Production and market intelligence system: Allocation of funds for developing a robust national level agricultural production and trade intelligence system would effectively reduce time taken for information at the production centre to translate into price action at the trade centre. This means higher co-integration of agricultural produce price and efficient markets.
Minimum support price (MSP) purchases through derivative markets: This would encompass linking physical trade with commodity derivative instruments, which can further evolve as an efficient risk management tool for farmers. For instance, FCI (Food Corporation of India) or any other government agency that is participating in MSP purchases may write a put option at a strike price equal to the MSP with delivery during the harvesting month and any farmer who is interested in de-risking can pay a marginal amount as premium to buy the right to sell at MSP. This gives flexibility to the farmer who can decide whether to sell to the government agency or in open market depending on the price at the time of harvest. The procurement system becomes efficient as third-party assayers and service providers will ensure quality of the produce as per the exchange parameters. Furthermore, this might give flexibility to procurement agencies to purchase produce to be delivered at storage facility near consumption centres.
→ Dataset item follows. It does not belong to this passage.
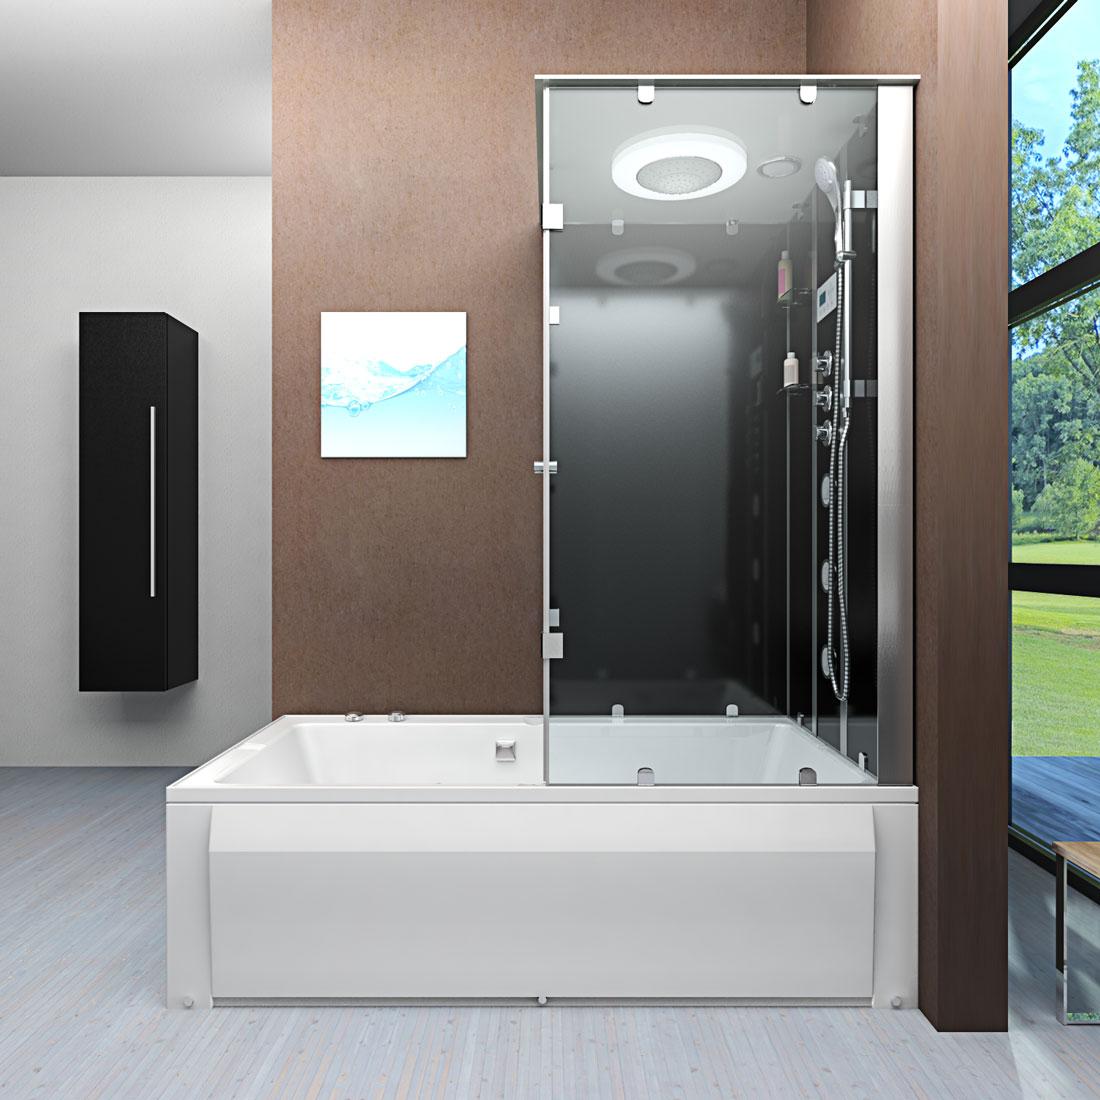 acquavapore dtp50 sw dusch wannen kombi in 180x90cm trendbad24. Black Bedroom Furniture Sets. Home Design Ideas

Access to formal credit: Availability of formal credit to farmers has increased substantially, however it is restricted to owner farmers. Tenant farmers are still deprived of formal farm credit and dependent on commission agents for their financial needs. Strengthening of FPOs to act as business correspondent and extending credit to all members with suitable risk management measures is likely to reduce the dependency of farmers on informal credit sources.
Agricultural produce quality standardisation: Agricultural commodity trade is a sample-based trade with several quality disputes and claims. There is a need to develop quality standards for agricultural produce trade in line with food quality standards. Gradually, trade should switch from the current practice of ‘Fair Average Quality’ (FAQ) to grade-based trading practices in agricultural produce marketing.
Indian agriculture has travelled from a concerning state of ensuring food security to be one of the major producers in the world. Indian agriculture has potential to become the food bowl of the world, which requires increased emphasis in building agricultural produce trade efficiencies, integrating quality standards as part of trade practices, production cost optimisation to bring in price competitiveness and market integration through effective information dissemination mechanism.
The agriculture sector has been the beacon of hope, promising the country’s economic revival post COVID-19 and the recently announced budget reaffirms the government’s commitment to the welfare of farmers. The increased agricultural credit target at INR16.5 lakh crores is expected to yield results though increased credit flows to animal husbandry, dairy, and fisheries especially with newer planned investments in the development of modern fishing harbours and fish landing centres. Most of the announcements, including the monetisation of idle land and allocation of INR1,500 crores for promotion of digital modes of payments are progressive in nature. These steps are expected to enhance economic activity, increase employment and increase farmers’ income through a multiplier effect towards the future growth.